▶ Instructions for the task
Beginning with the line containing "Style tech bag." and ending with the line containing "Northside Woman's Hargrove", write out each line of the records below exactly; pictures and lines outside that range are left out.

▶ Record set

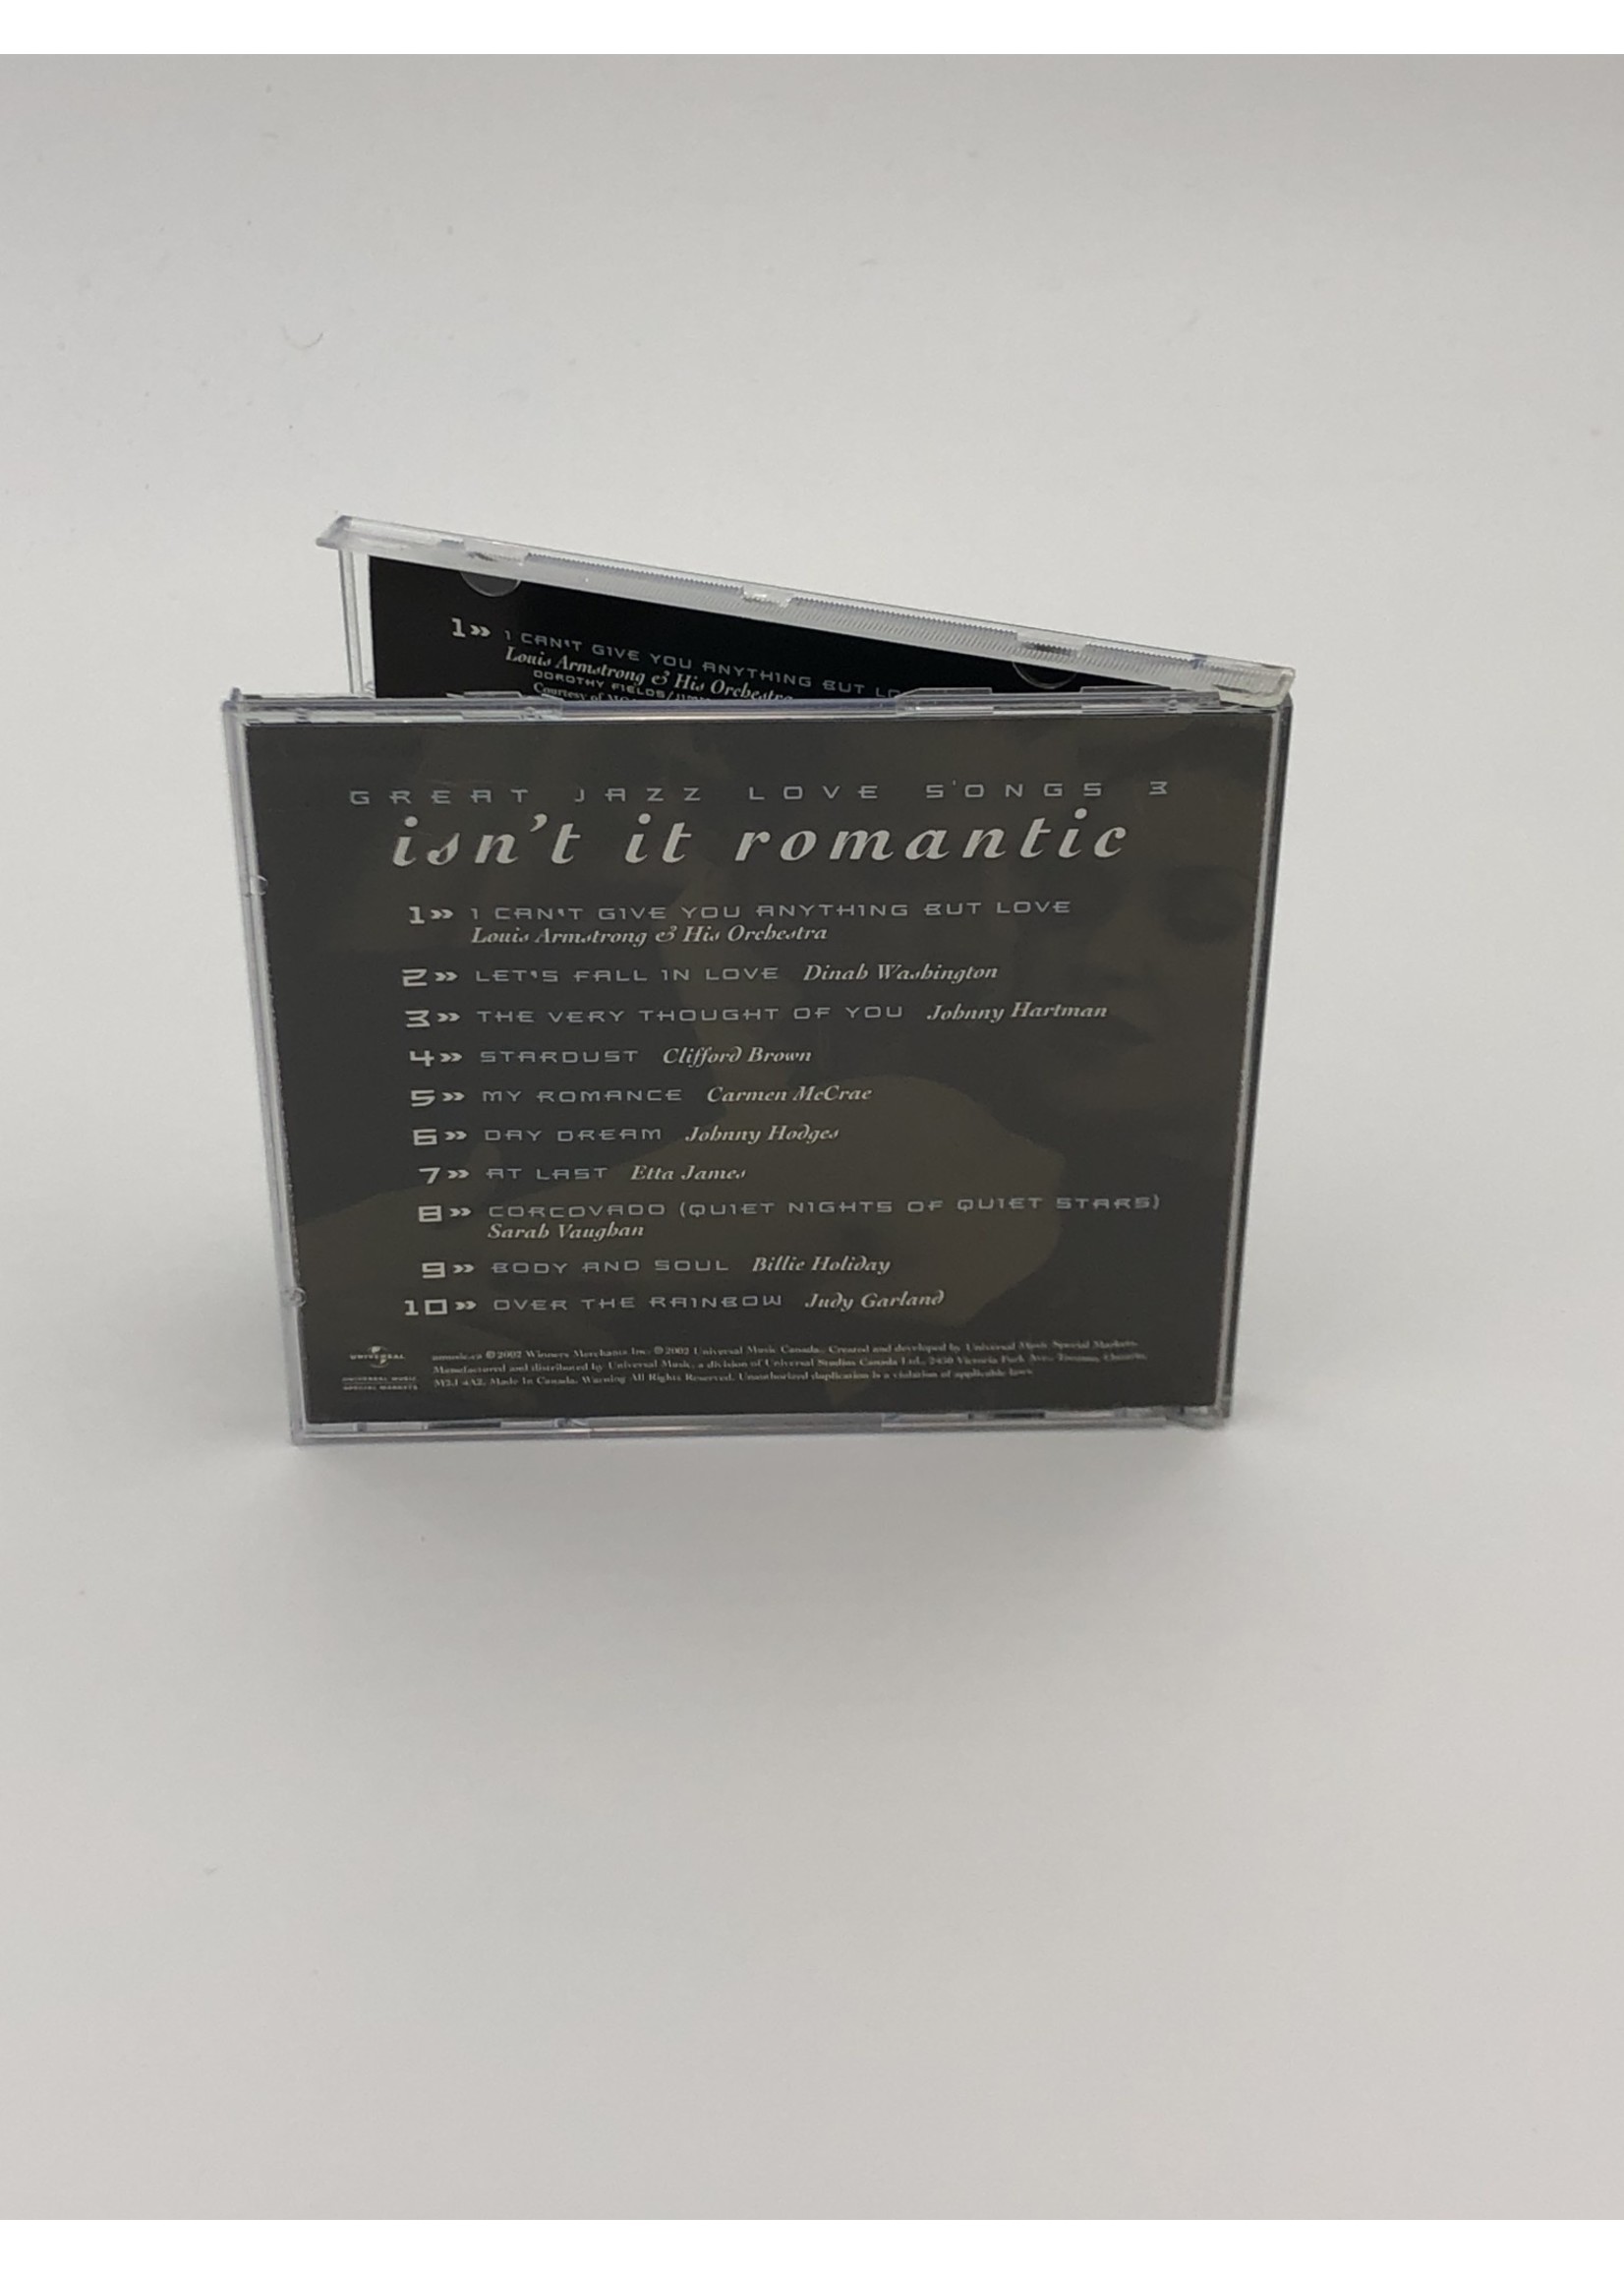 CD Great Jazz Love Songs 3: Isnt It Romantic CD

---

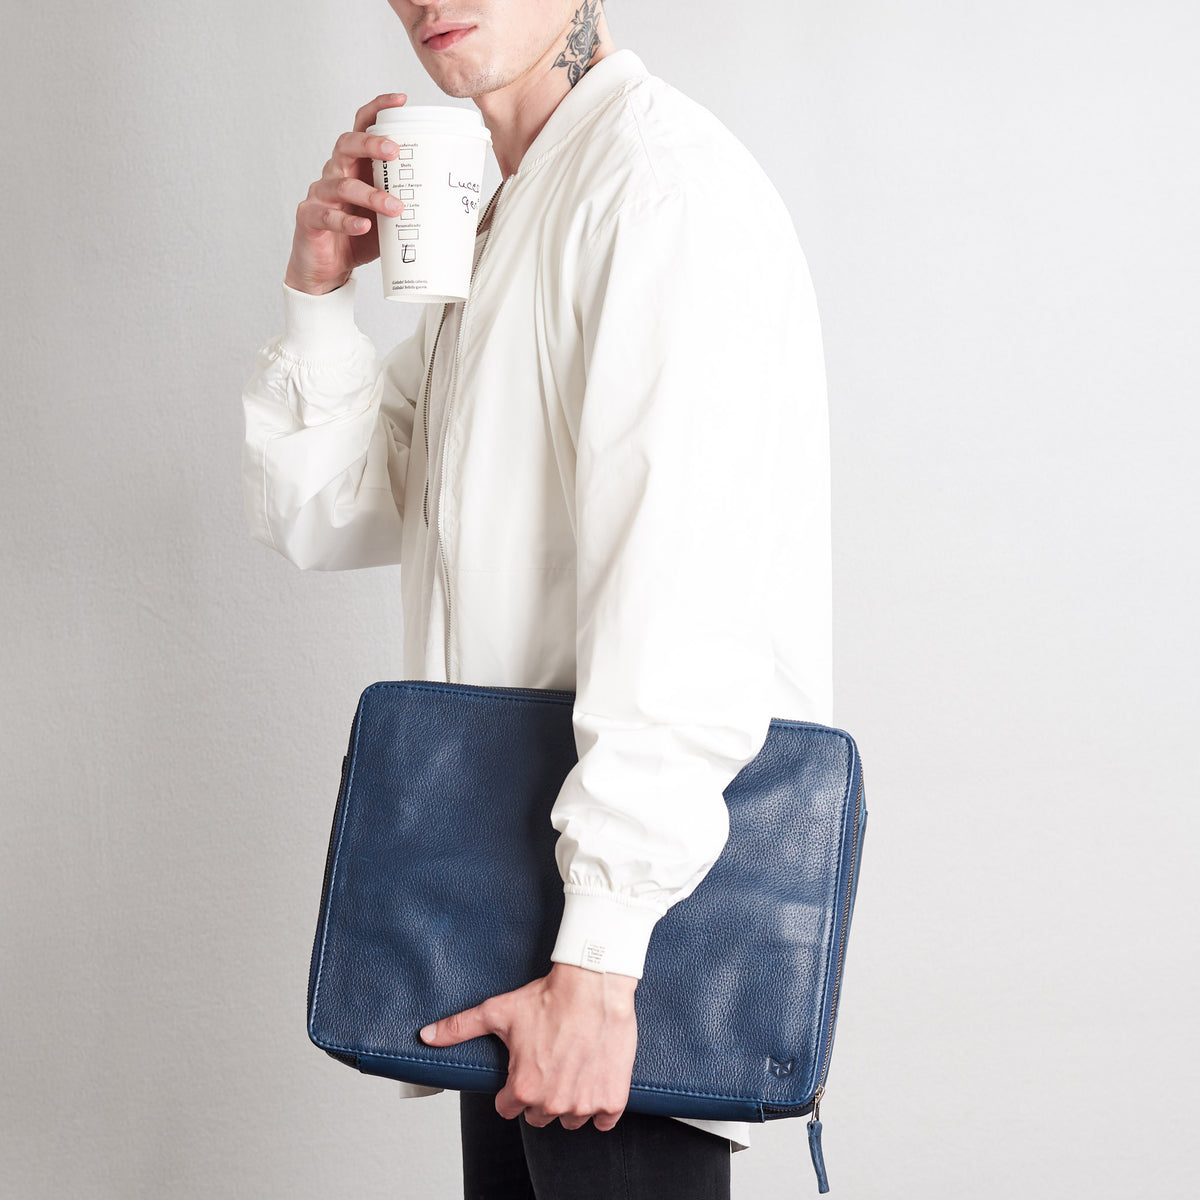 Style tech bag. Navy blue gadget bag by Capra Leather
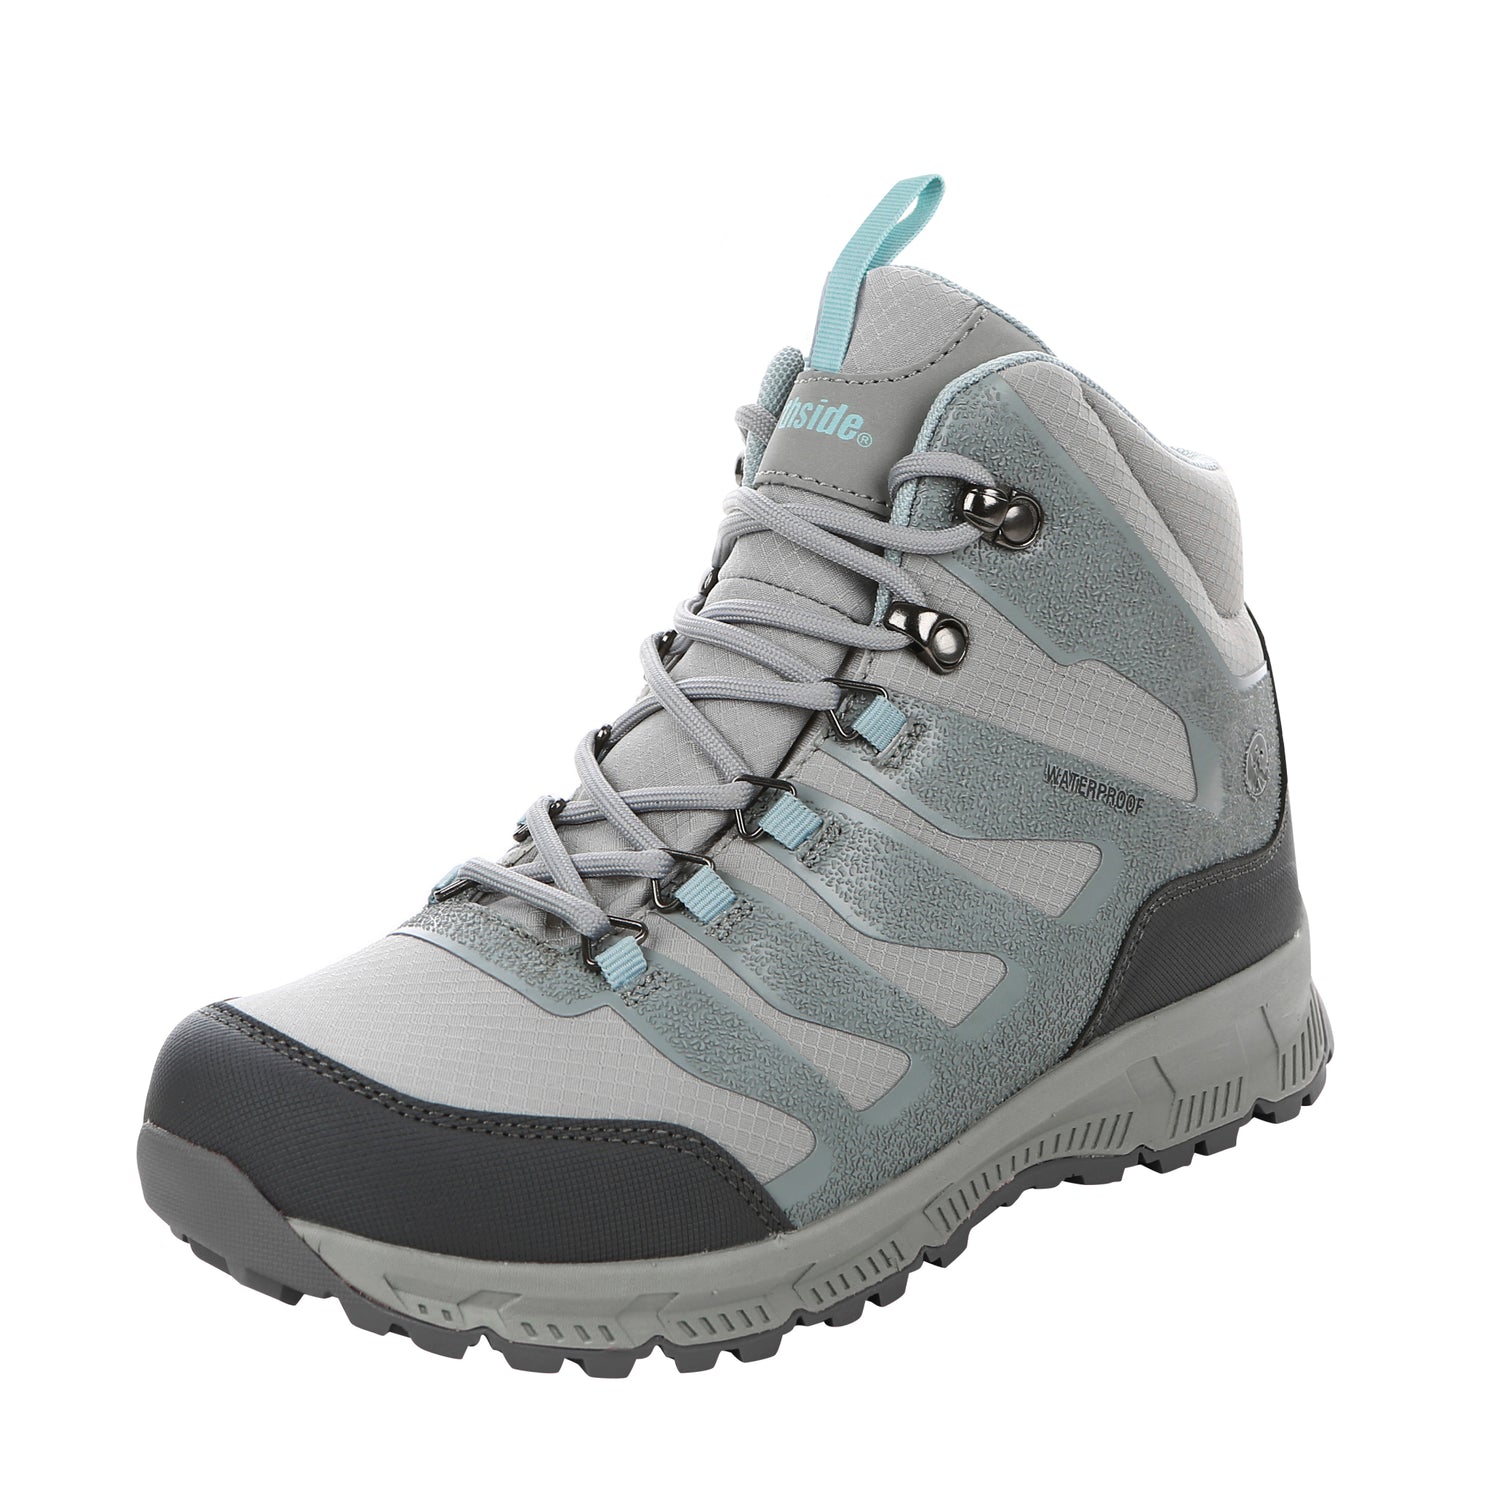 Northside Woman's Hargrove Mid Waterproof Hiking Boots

---

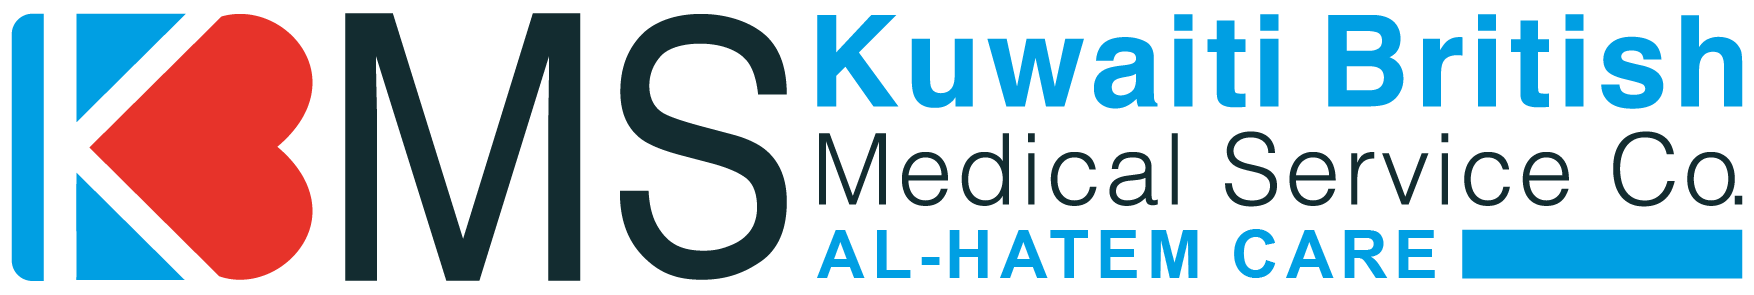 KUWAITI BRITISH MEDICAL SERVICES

▶ Response for this exercise
 Style tech bag. Navy blue gadget bag by Capra Leather
 Northside Woman's Hargrove Mid Waterproof Hiking Boots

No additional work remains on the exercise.